|Review: Iced Earth - Framing Armageddon|
Year released: 2007
Genre: Heavy Metal
Review online: August 29, 2007
Reviewed by: Sargon the Terrible
Rated 3.58/5 (71.67%) (36 Votes)
Here comes the new Iced Earth album. This is part one of a projected two-part album, of which part two should be out next year. I'm generally kind of skeptical of double albums, as I find that most of the time they don't need to be as long as they are. In fact, I can't think of one double album that could not have been cut down to a single disc and been better for it.
Framing Armageddon is the first half of the "Something Wicked" storyline, which is based off the closing 'trilogy' off the Something Wicked This Way Comes album - got all that? This is supposed to be the story of the Eddie-lookalike Iced Earth mascot-dude, but frankly, I don't really care about the storyline, as I can tell from just a casual perusal that it is pretty derivative and dull. So the question is: is this any good at all?
Well, this is an Iced Earth album, so if you have heard one, you have pretty much heard them all. This is a bit better than the usual, as they have almost entirely avoided any of Jon Schaeffer's crappy ballads, and kept the metal front and center. There are some very good songs on here, like "Setian Massacre" and "Execution", and there are no songs that really stick out as lousy. But nineteen tracks is just too long, even considering that about three of them are interludes and not songs at all, there are still like sixteen songs on here, which is too many. Tim Owens has obviously given the band a shot in the arm, and he is a far superior singer to old croaker Matt Barlow, but even Ripper's energy can't keep the album's momentum for this long.

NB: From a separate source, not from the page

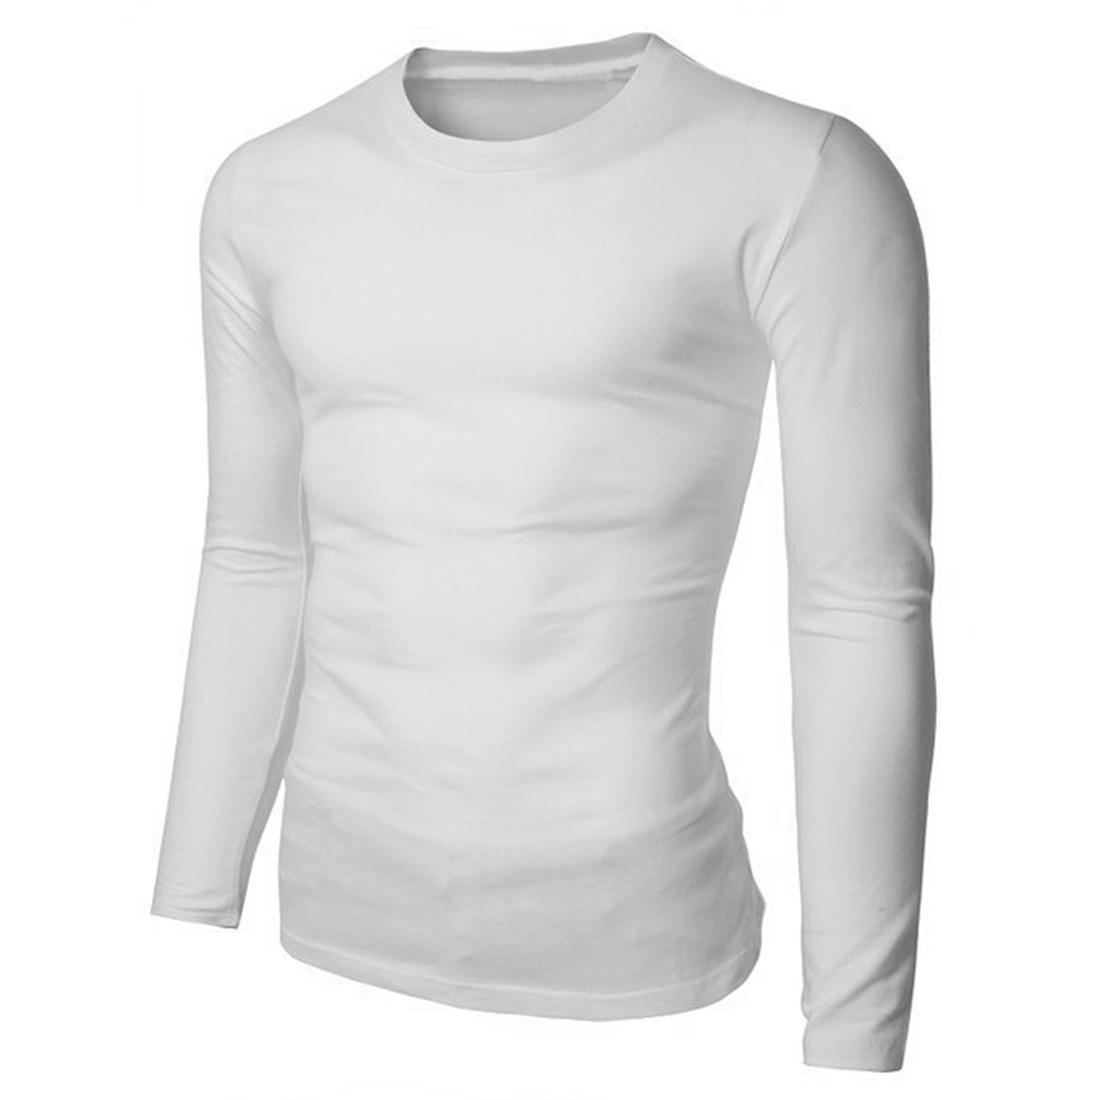 100 cotton mens slim basic tee t shirt long sleeve v neck for Mens long sleeve casual cotton shirts

So again, we have an ambitious Iced Earth album that reaches for greatness but can't really get there. Iced Earth fans will eat this up, and even those who have never cared for them should be impressed, as this is a harder, faster, heavier album than they have ever done. But I can't help wishing Schaeffer could leave his pretensions at the door and just write solid metal albums, rather than trying to create great art. This is a more visceral and intense album than The Glorious Burden, but it's not quite a masterwork.